Kemenkes Akui Cakupan Imunisasi Polio Suntik Masih Sangat Rendah
Kementerian Kesehatan (Kemenkes) menyampaikan bahwa imunisasi polio suntik (Inactivated Polio Vaccine/IPV 1) memberikan kekebalan terhadap polio tipe dua
JAKARTA - Kementerian Kesehatan (Kemenkes) mengakui cakupan imunisasi polio suntik (Inactivated Polio Vaccine/IPV 1) masih sangat rendah. Pada 2023, cakupannya mencapai 74%. Sedangkan, pada 2022 cakupannya mencapai 91,6%, pada 2021 mencapai 66,2%, pada 2020 mencapai 37,7%, dan pada 2019 mencapai 77%. Sementara itu, cakupan imunisasi polio tetes (Oral Polio Vaccine/OPV4) disebut Kemenkes cukup lumayan meski tetap turun dari tahun lalu. Pada 2023, cakupannya mencapai 72,2%, pada 2022 mencapai 99,8%, pada 2021 mencapai 80,2%, pada 2020 mencapai 86,8%, dan pada 2019 mencapai 94,2%. "Keadaan ini mengakibatkan adanya gap atau kesenjangan imunitas di kelompok masyarakat kita, terutama untuk polio tipe 2 yang kekebalannya hanya bisa diperoleh dari imunisasi polio suntik atau IPV," ujar Direktur Pengelolaan Imunisasi Kemenkes, Prima Yosephine, dalam temu media daring, Jumat (19/7). Dia melanjutkan, kekebalan yang rendah membuat Indonesia mudah mengalami Kejadian Luar Biasa (KLB) polio. Sejak akhir 2022 sampai saat ini, Kemenkes mencatat 12 kasus polio terjadi di delapan provinsi. Prima menyebut, sebanyak sebelas kasus di antaranya merupakan polio tipe 2. Hal ini sejalan dengan cakupan imunisasi polio IPV yang rendah. Sementara itu, satu kasus di Papua Tengah pada Desember 2023 merupakan polio tipe 1. Menurut Prima, cakupan imunisasi polio suntik maupun tetes harus mencapai minimal 95%. Hal ini agar kekebalan kelompok bisa terbentuk dan virus polio tidak mudah menyebar. Untuk mengatasi hal ini, pemerintah mengadakan Pekan Imunisasi Nasional (PIN) Polio pada 23 Juli. Vaksin yang digunakan adalah vaksin polio tetes novel Oral Polio Vaccine Type 2 (nOPV2) yang digunakan untuk KLB polio tipe dua. Vaksin tetes dipilih karena membentuk kekebalan di saluran pencernaan dan bisa melindungi kontak dekat anak yang tidak diimunisasi, sehingga lebih cocok digunakan di situasi KLB. Sementara itu, khusus di tanah Papua, diberikan tambahan vaksin polio tetes bOPV karena juga dilaporkan kasus polio tipe 1.
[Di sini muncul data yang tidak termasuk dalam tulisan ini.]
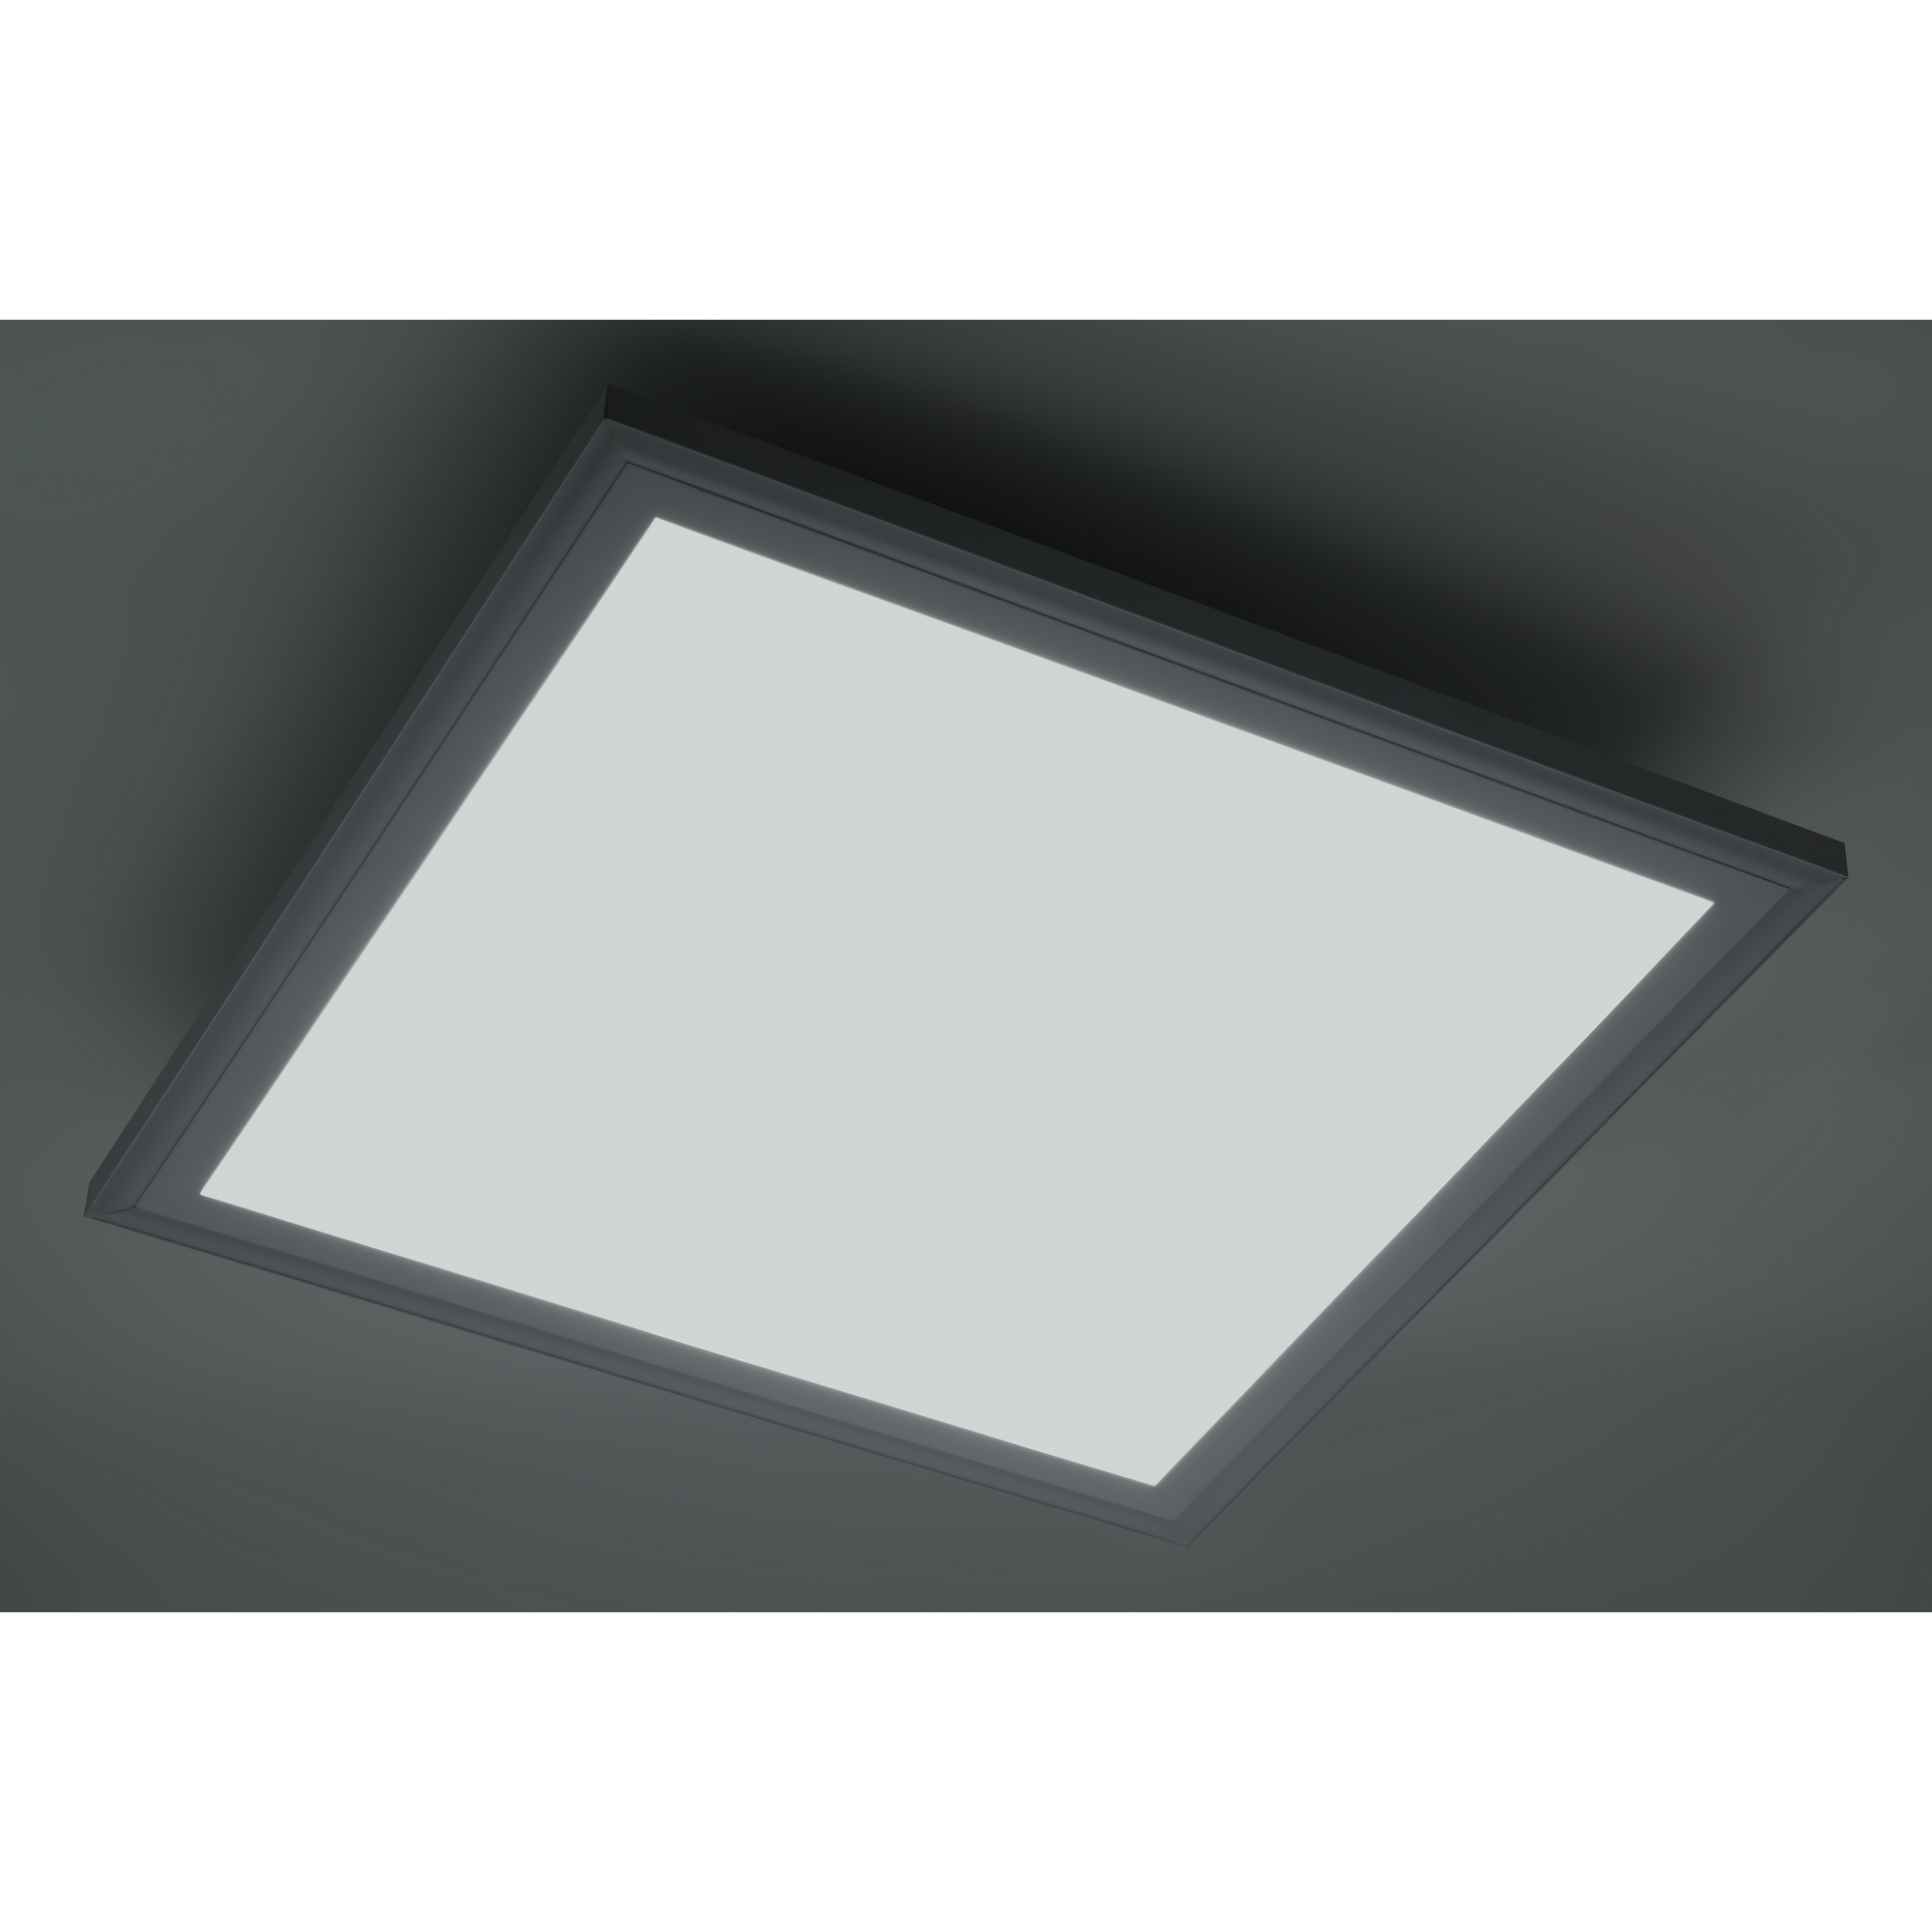 LED-Panelleuchte 47 x 47 x 7,5 cm 2400 lm + product picture

Menurut survei yang dilakukan Kemenkes dengan Risk Communication and Community Engagement (RCCE) Indonesia, kata Prima, mayoritas masyarakat yang disurvei memandang polio sebagai penyakit yang kurang mengancam. Pasalnya, mereka jarang mengetahui kasus polio di Indonesia. Oleh karena itu, dia menyebut mungkin ada sebagian masyarakat yang nanti enggan mengikuti PIN.
"Polio ini bisa dicegah hanya dengan imunisasi. Jadi, kami sangat berharap ini kesempatan kita untuk bisa memperkuat imunitas atau kekebalan khususnya untuk polio tipe 2," pesan Prima.